Later that year Young returned to Rochester where he became a regularly featured guest on Max Raney’s TV show on WHAM TV, and Sparkey Gillen’s weekly radio show on WHEC Radio. Also, he hosted his own daily broadcast of recorded country music on SSAY in Rochester.

After moving west to Utah, Young became an award-winning radio announcer on KSOP, the 25,000- watt country music station in Salt Lake City, Utah.

After a few years, he left his radio career and graduated from the Utah Highway Patrol Academy in Salt Lake City, taking a job as a deputy sheriff in Tooele County, Utah, at which time Young was featured in the True Detective magazine for his arrest of a notorious criminal.

Later he was a deputy sheriff in Virginia City, Nevada, and a marshal in Granby, Colorado. 

After spending a short time back in radio work in the York, Pennsylvania area, Young returned to the Salt Lake City area where he began working for the Federal Government in security and later as an aircraft firefighter at Hill Air Force Base bombing range on the Great Salt Lake Desert.

In 1990, after retiring and being invited to do a live concert at the University of Utah in Salt Lake City that he moved to Lamar, Missouri, he formed the Vern Young Band and he started performing country/bluegrass music full-time throughout the United States. 

Young played bluegrass and country music for over 60 years, during which time he worked with Ernest Tubb, Little Jimmy Dickens, Hank Thompson, Grandpa Jones, and other traditional country artists. 

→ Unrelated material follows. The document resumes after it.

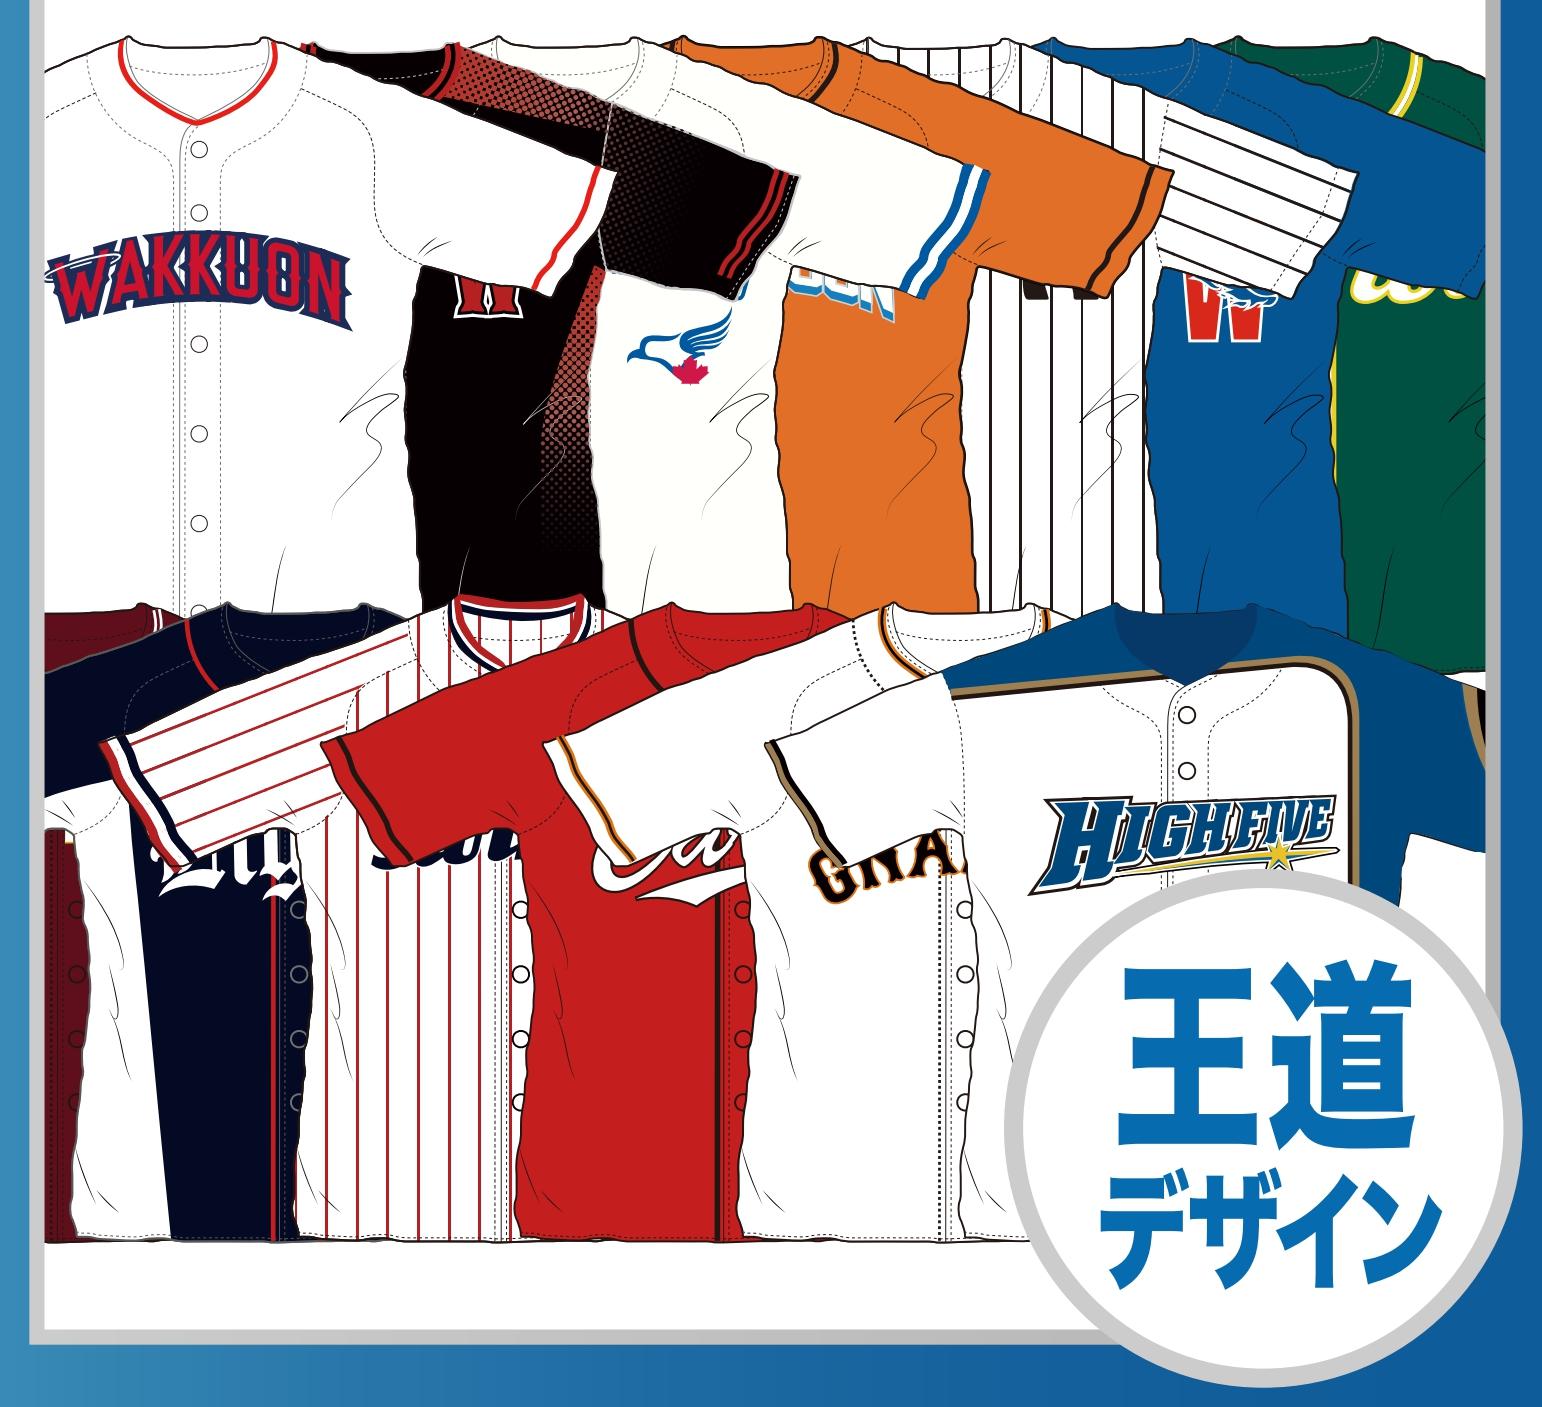 野球ユニフォームカタログ プロ野球とMLBがお手本【王道スタイル】's image

In 2002 Young was inducted into America’s Old Time Country Hall of Fame and in October 2006 he was inducted into the New York State Country Music Hall of Honor in Cortland, New York.

Also, he won the Midwest State Society for the Preservation of Bluegrass Music in America (SPBGMA) Traditional Male Singer of the Year award eleven years. He was nominated for the prestigious SPBGMA Award in Nashville, Tennessee, by fans in 2000, 2001, and 2002.

He retired from the entertainment business in 2012. One of his last appearance was at the Wayne County Fair in Palmyra, a reprise of his first performance all those 60 years ago. 

R.I.P. Vern Young

The funeral service will be held on Monday, June 17, 2019 at 7:00 p.m. at Konantz Warden Funeral Home in Lamar, Missouri. There will be a visitation before the service from 6:00 to 7:00 p.m. Interment with a grave side service will be at the Marion Cemetery in Marion, New York on Thursday June 20, 2019 at 10:00 p.m. 

A Discography: 

  • The Best of Vern Young (Atteiram 1714, circa 1993) 
  • Heavenly Sounds (Vern Young 11093, 1993 (cassette))
  • Sings the Old Time Way (Vern Young 12094, 1994 (cassette))
  • By Request (Vern Young 197, 1997 (cassette))
  • Legacy (Vern Young 3301, 2001)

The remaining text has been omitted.